На оконных стеклах тени — черные и лиловые.«Личное личным, а служба службой. Это неправда! Личное и служба еще как тесно переплетаются, что бы там ни говорили. Вот Маратов думает, что я плохо отношусь к Порядову. Но ведь в его военных знаниях в самом деле пробелы. А может, я тороплюсь от него избавиться? Что ж, посмотрю, как он поведет себя на «Дерзновенном». Светов — крепкий орешек. Пусть поплавает с ним. Пора Порядову самому решить: гож он для океанской службы или не гож. Либо рапорт подавать, либо здесь в моряки выходить».
Глаза так привыкли к темноте, что видно все в комнате. Рисунок ковра стал легким и нежным. Обои переменили цвет, а в зеркале вырисовывалось блеклое и странное отражение собственного лица.
«Впрочем, не в Порядове дело. А вот с Панкратовым отношения надо наладить. Может быть, и к нему я отношусь предвзято? А потому и он ко мне... Что ж, попробую оценить все заново. Больше верить людям»... Эта мысль неожиданно принесла успокоение Меркулову. Нежно обняв жену, он тут же забылся крепким сном.

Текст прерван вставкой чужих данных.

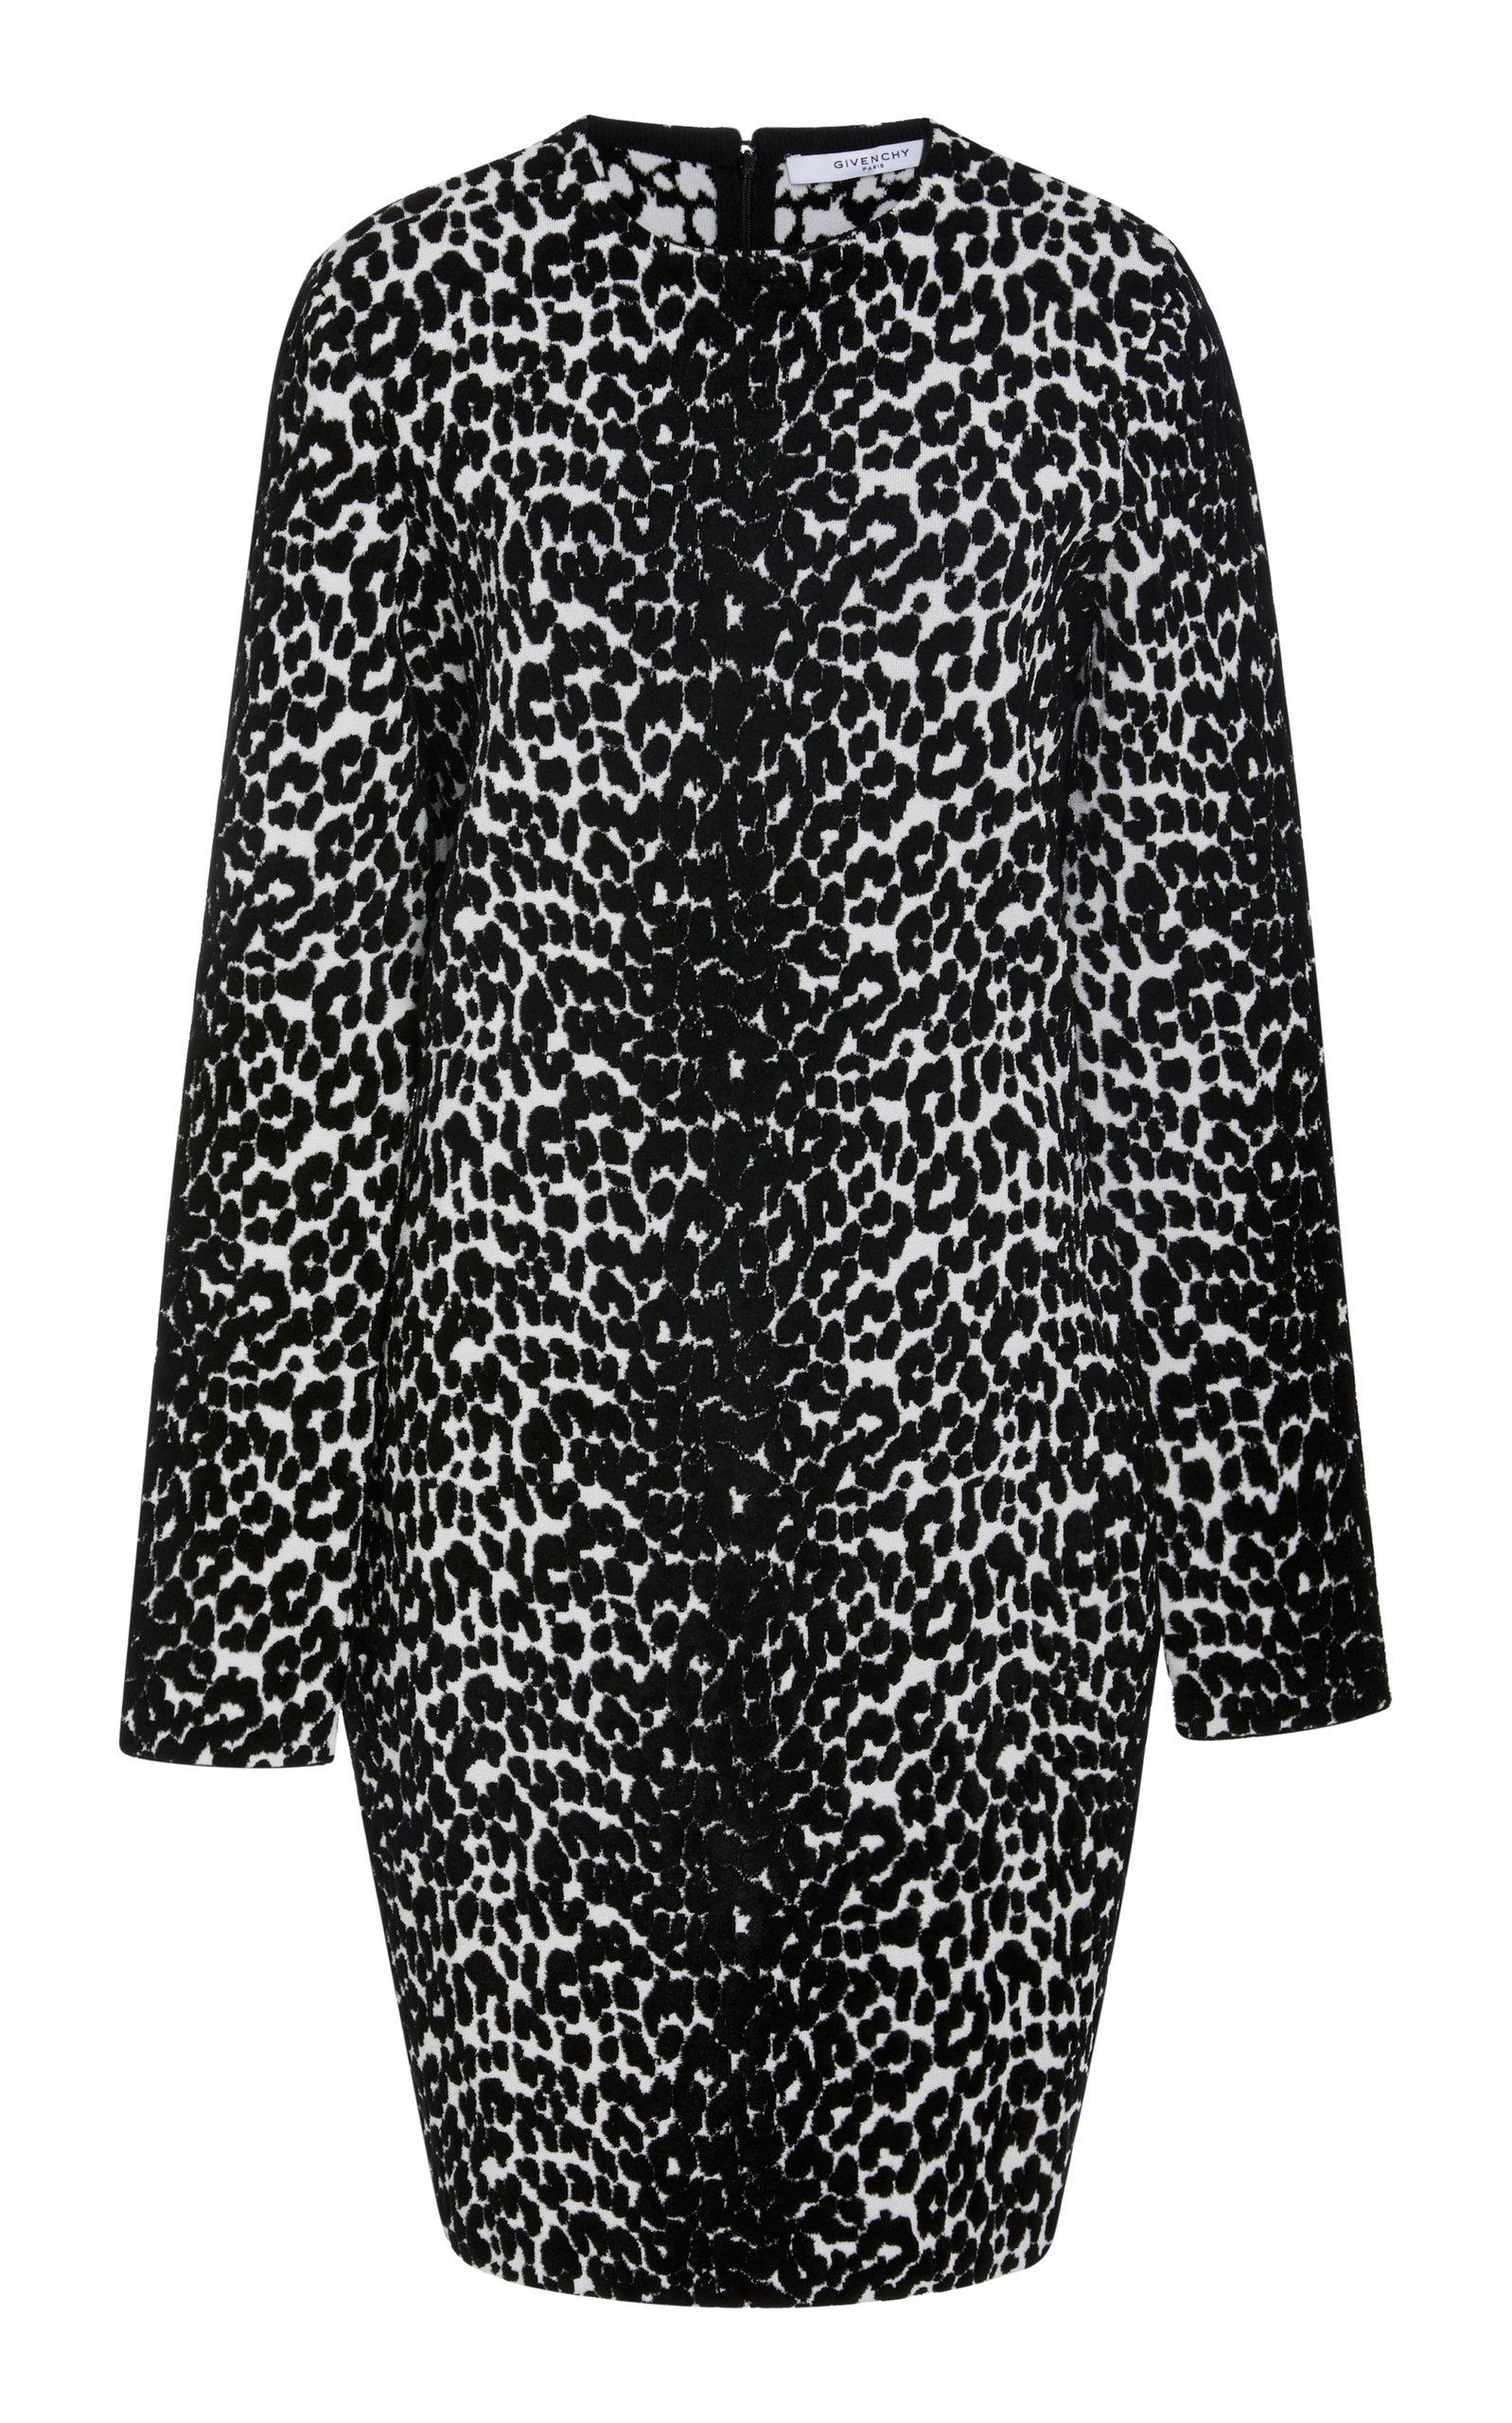 Givenchy - Black Leopard-print Stretch-knit Mini Dress - Lyst. View  fullscreen 176716a97

...Когда на следующий день к Меркулову явился Маратов и вместо доклада положил перед ним на стол свою статью о партийно-политической работе на «Державном», начальник политотдела уже сам хотел найти и увидеть в статье факты, которые свидетельствовали бы об отличном состоянии дела на этом корабле. И если уж верить людям и их оценкам, так с кого же начинать, как не с Маратова, который не побоялся сказать ему открыто, о своем несогласии с ним, начальником политотдела. Меркулов даже не отдавал себе полностью отчета в том глубоком впечатлении, какое на него произвела откровенность секретаря партбюро. Но именно с этой минуты он стал относиться к нему с уважением.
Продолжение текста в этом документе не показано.